From 68a6e4637903dba279c60daae5cff24e191ff9b4 Mon Sep 17 00:00:00 2001
From: Edward Yang <ezyang@fb.com>
Date: Wed, 6 Jan 2021 08:39:11 -0800
Subject: [PATCH 20/20] Push anonymous namespace into codegen, not template
 (#49498)

Summary:
Pull Request resolved: https://github.com/pytorch/pytorch/pull/49498

In the near future, I want to code generate some functions that are
visible externally to this compilation unit.  I cannot easily do this
if all the codegen code is wrapped in a global anonymous namespace,
so push the namespace in.

Registration has to stay in an anonymous namespace to avoid name conflicts.
This could also have been solved by making the wrapper functions have
more unique names but I didn't do this in the end.

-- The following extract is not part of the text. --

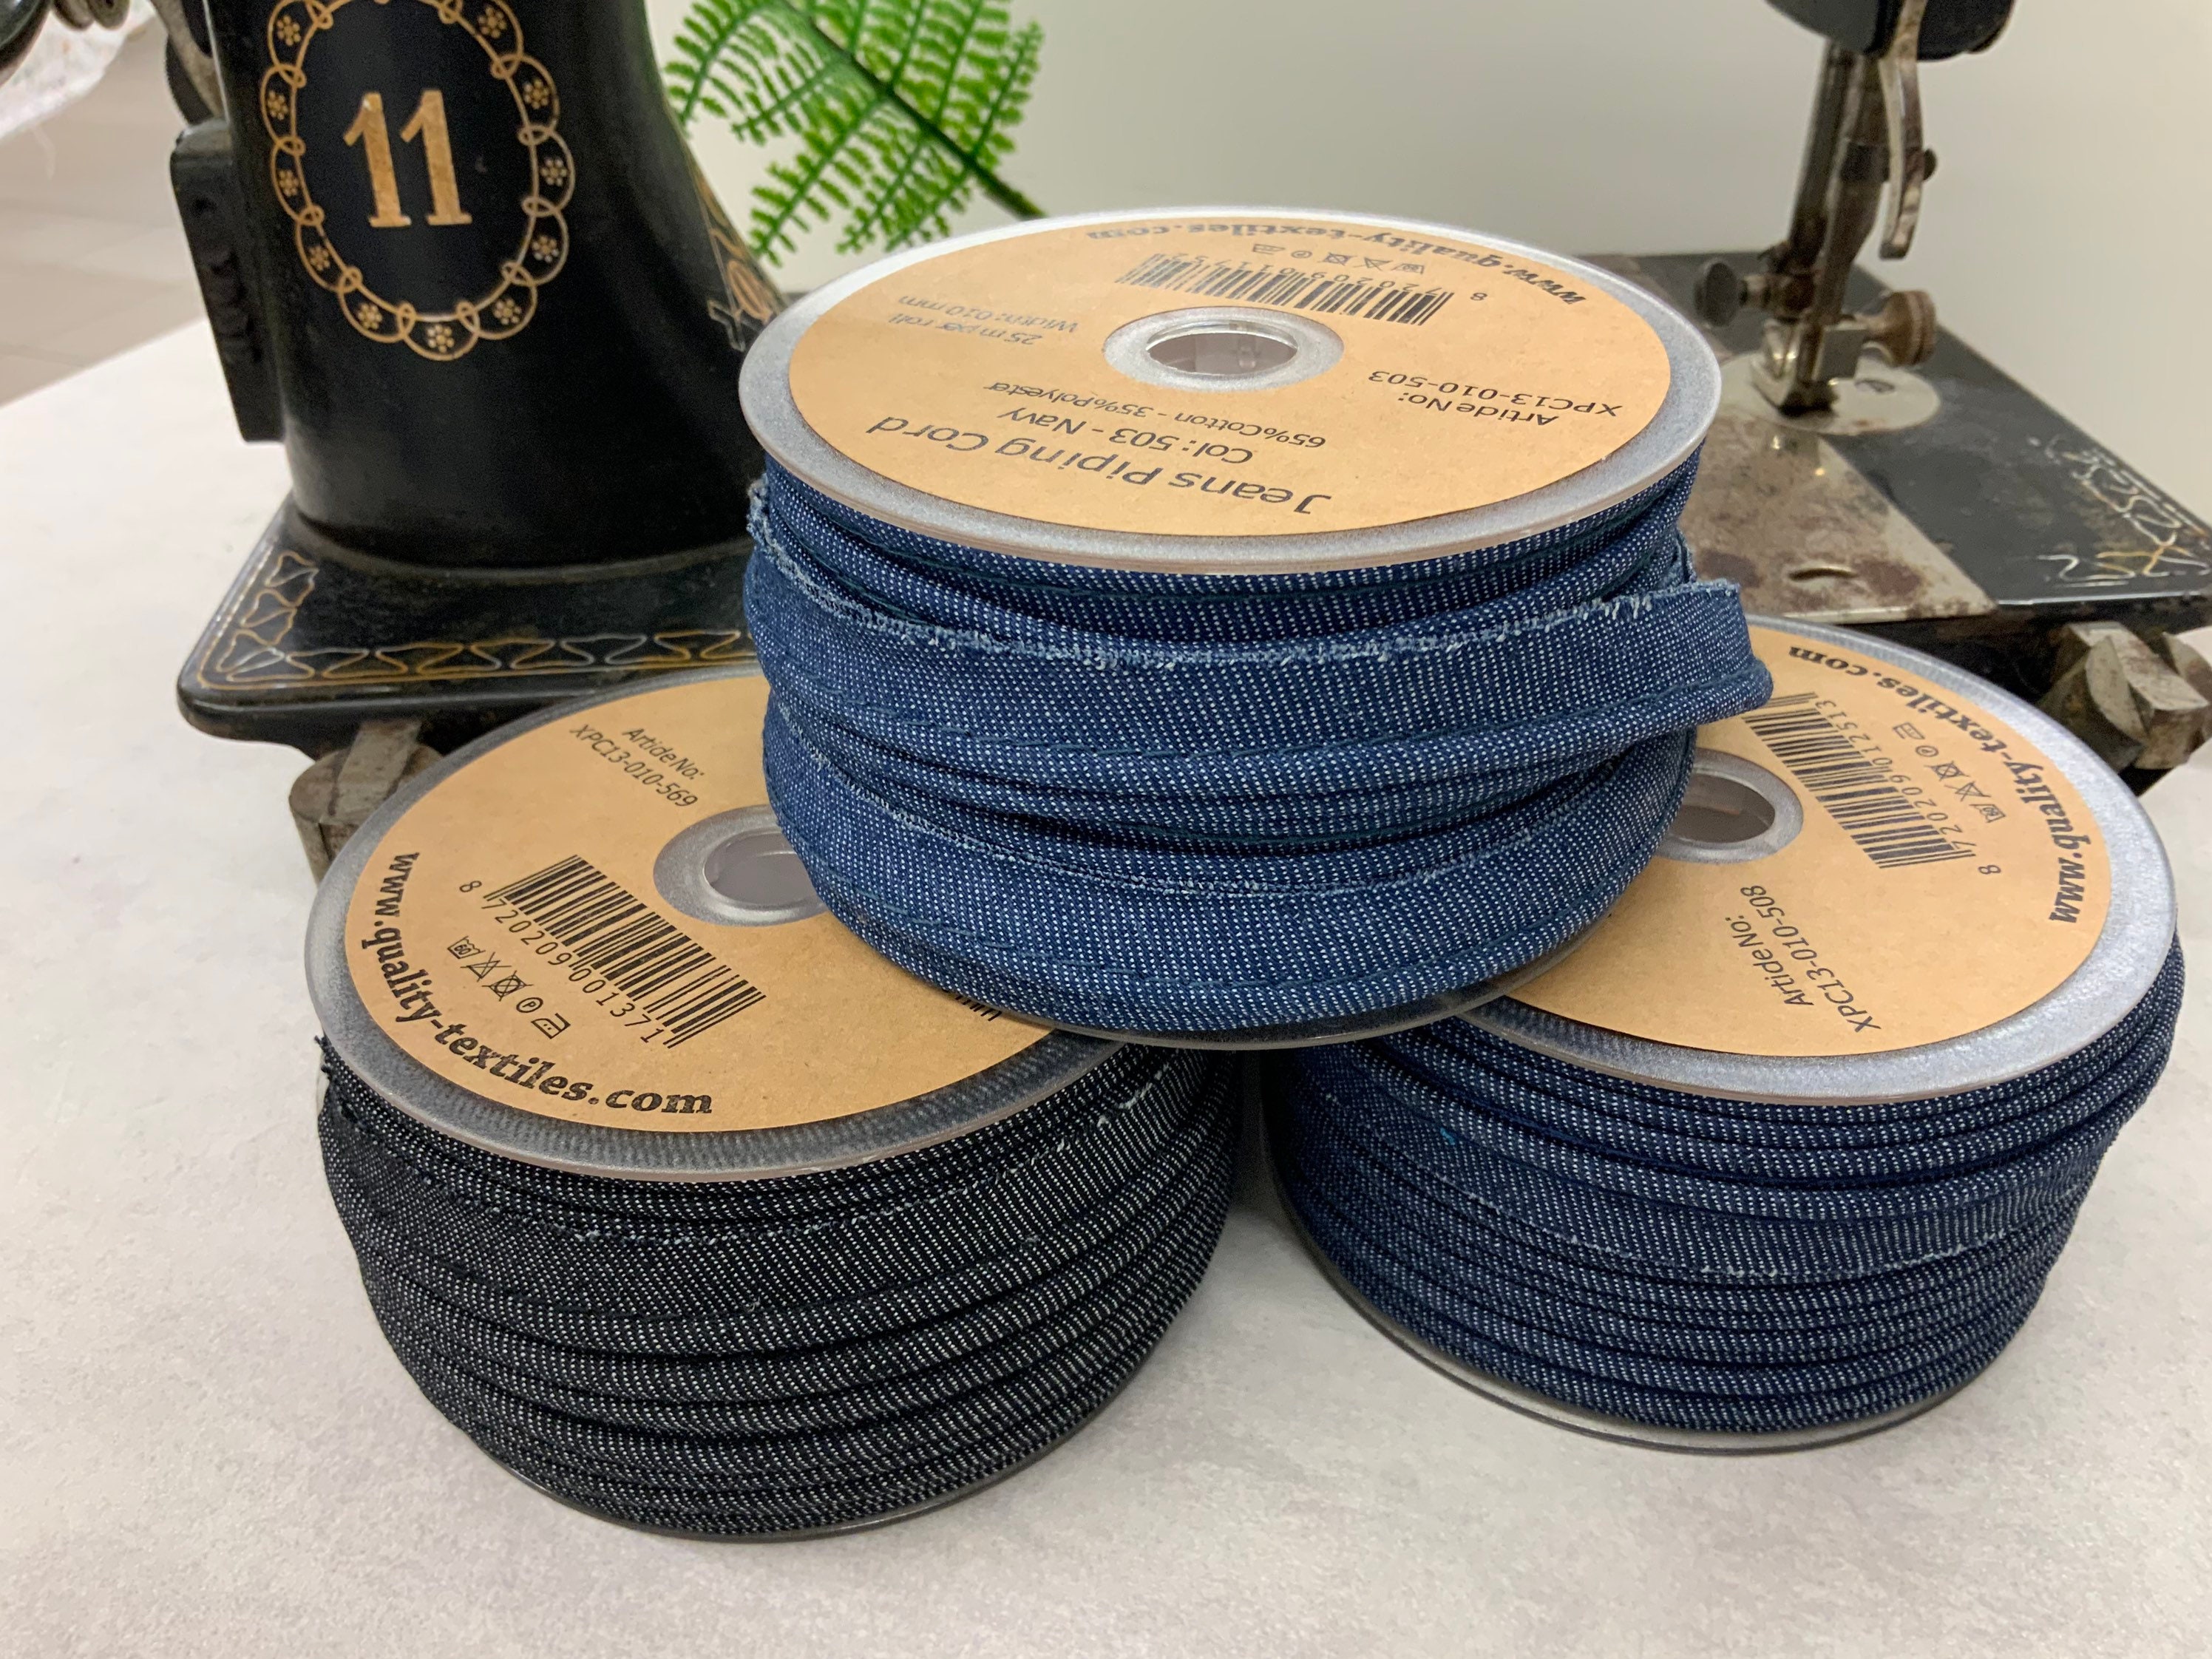 Jeans Piping Tape 3 Colors Piping or a Piping Tape Jeans, Denim Look Blue  and Black for Sewing for Pillows, Clothing, Sold by the Meter

Signed-off-by: Edward Z. Yang <ezyang@fb.com>

Test Plan: Imported from OSS

Reviewed By: albanD, smessmer

Differential Revision: D25616104

Pulled By: ezyang

fbshipit-source-id: 323c0dda05a081502aab702f359a08dfac8c41a4
---
 aten/src/ATen/templates/RegisterDispatchKey.cpp | 7 +++++--
 tools/codegen/gen.py                            | 8 ++++++++
 2 files changed, 13 insertions(+), 2 deletions(-)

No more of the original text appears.